With simultaneous use with verapamil, diltiazem, isoniazid, dextropropoxyphene, viloxazine, fluoxetine, fluvoxamine, cimetidine, acetazolamide, danazol, desipramine, nicotinamide (in adults, only in high doses), erythromycin, troleandomycin, josamycin, clarithromycin; with azoles (including itraconazole, ketoconazole, fluconazole), terfenadine, loratadine, an increase in the plasma concentration of carbamazepine with the risk of developing adverse effects (dizziness, drowsiness, ataxia, diplopia) is possible.
With simultaneous use with hexamidine, the anticonvulsant effect of carbamazepine is weakened; with hydrochlorothiazide, furosemide – a decrease in blood sodium content is possible; with hormonal contraceptives – a weakening of the effect of contraceptives and the development of acyclic bleeding is possible.
With simultaneous use with thyroid hormones, an increase in the elimination of thyroid hormones is possible; with clonazepam – an increase in the clearance of clonazepam and a decrease in the clearance of carbamazepine is possible; with lithium preparations – mutual enhancement of neurotoxic action is possible.
With simultaneous use with primidone, a decrease in the plasma concentration of carbamazepine is possible.

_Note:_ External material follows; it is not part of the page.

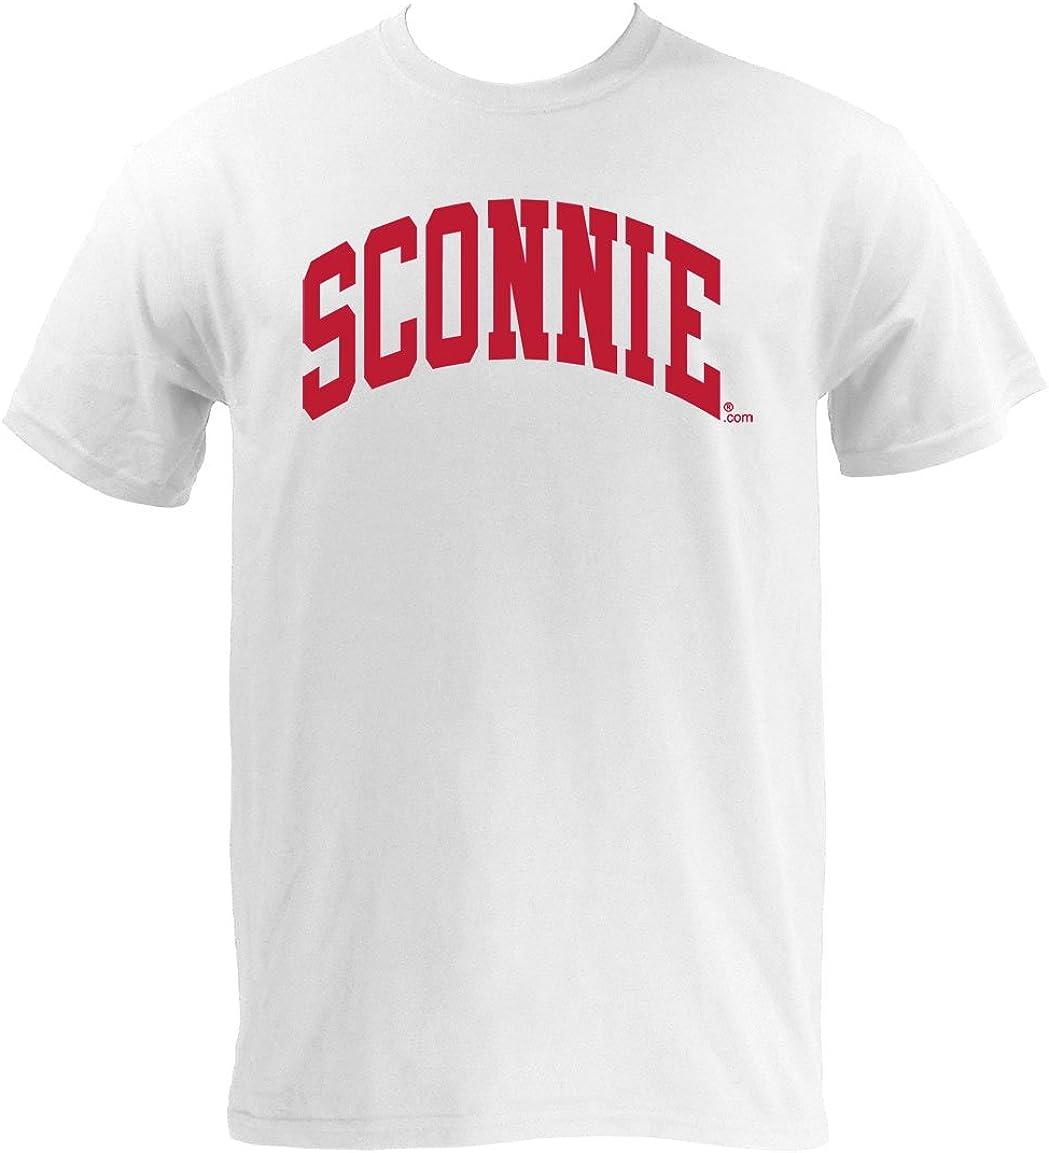 Sconnie Original, Wisconsin Pride T Shirt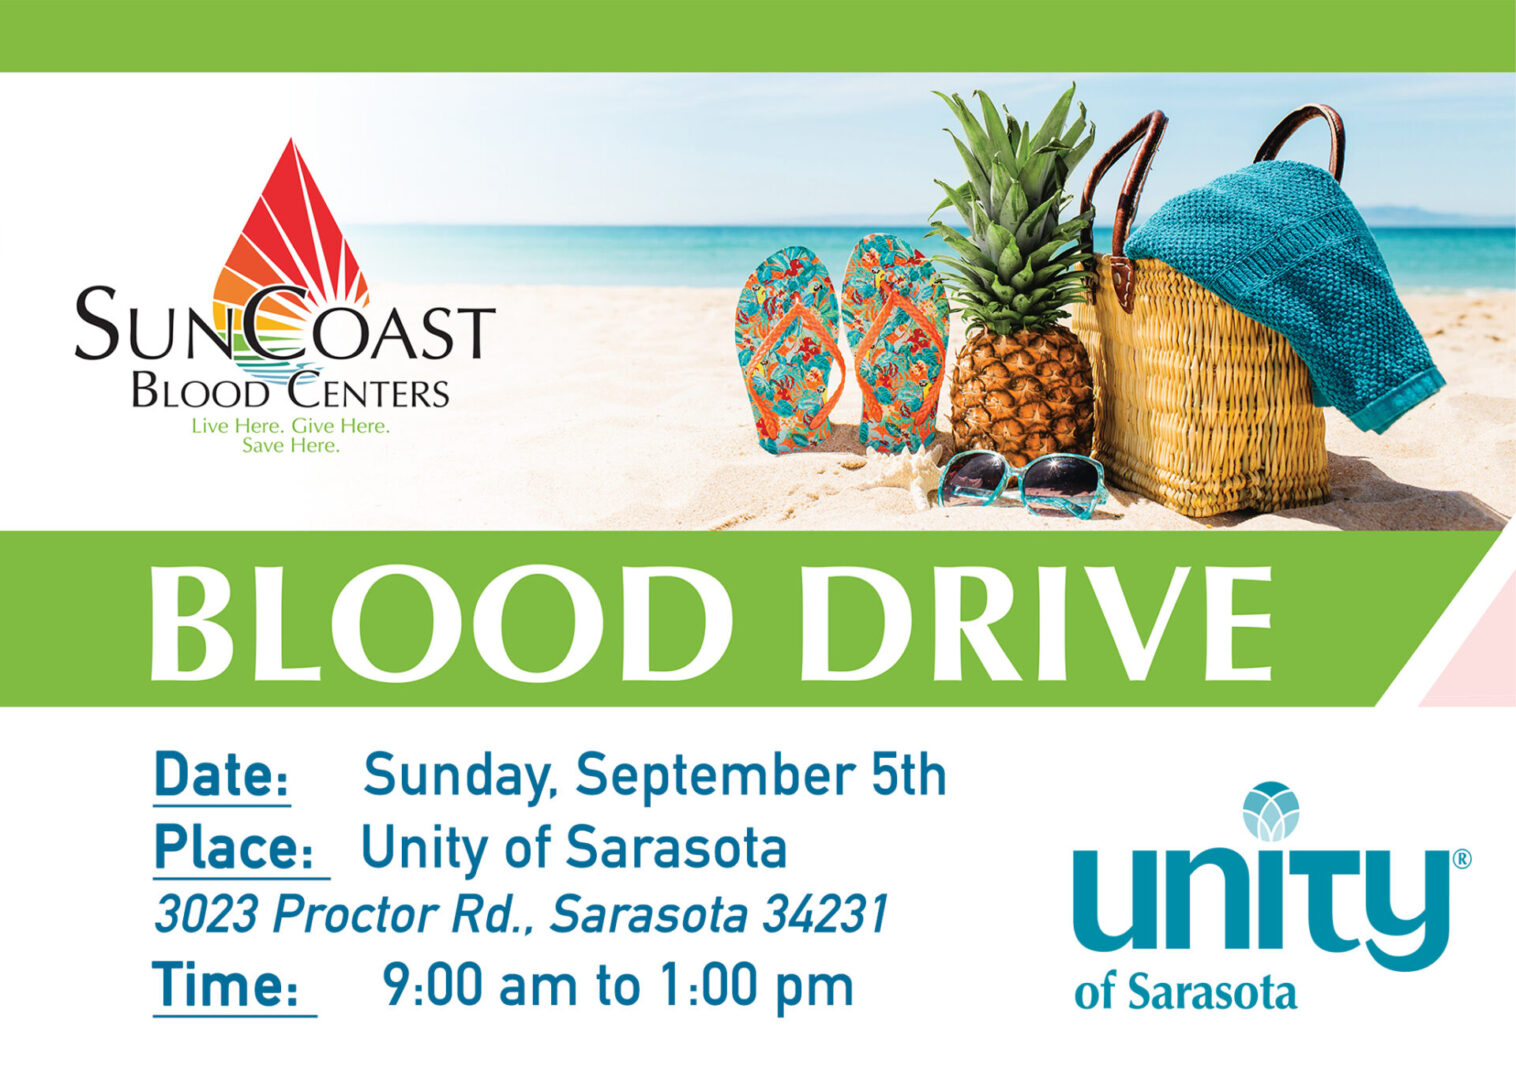 SunCoast Blood Drive at Unity of Sarasota

There are reports that primidone may increase the plasma concentration of the pharmacologically active metabolite – carbamazepine-10,11-epoxide.
With simultaneous use with ritonavir, an increase in the adverse effects of carbamazepine is possible; with sertraline – a decrease in the concentration of sertraline is possible; with theophylline, rifampicin, cisplatin, doxorubicin – a decrease in the plasma concentration of carbamazepine is possible; with tetracycline – a weakening of the effects of carbamazepine is possible.
With simultaneous use with felbamate, a decrease in the plasma concentration of carbamazepine is possible, but an increase in the concentration of the active metabolite carbamazepine-epoxide, while a decrease in the plasma concentration of felbamate is possible.
With simultaneous use with phenytoin, phenobarbital, the plasma concentration of carbamazepine decreases. Mutual weakening of the anticonvulsant action is possible, and in rare cases – its enhancement.
Storage Conditions
Store at 2°C (36°F) to 25°C (77°F). Keep in original packaging, protected from light. Keep out of reach of children.
Dispensing Status
Rx Only
Important Safety Information
This information is for educational purposes only and does not replace professional medical advice. Always consult your doctor before use. Dosage and side effects may vary. Use only as prescribed.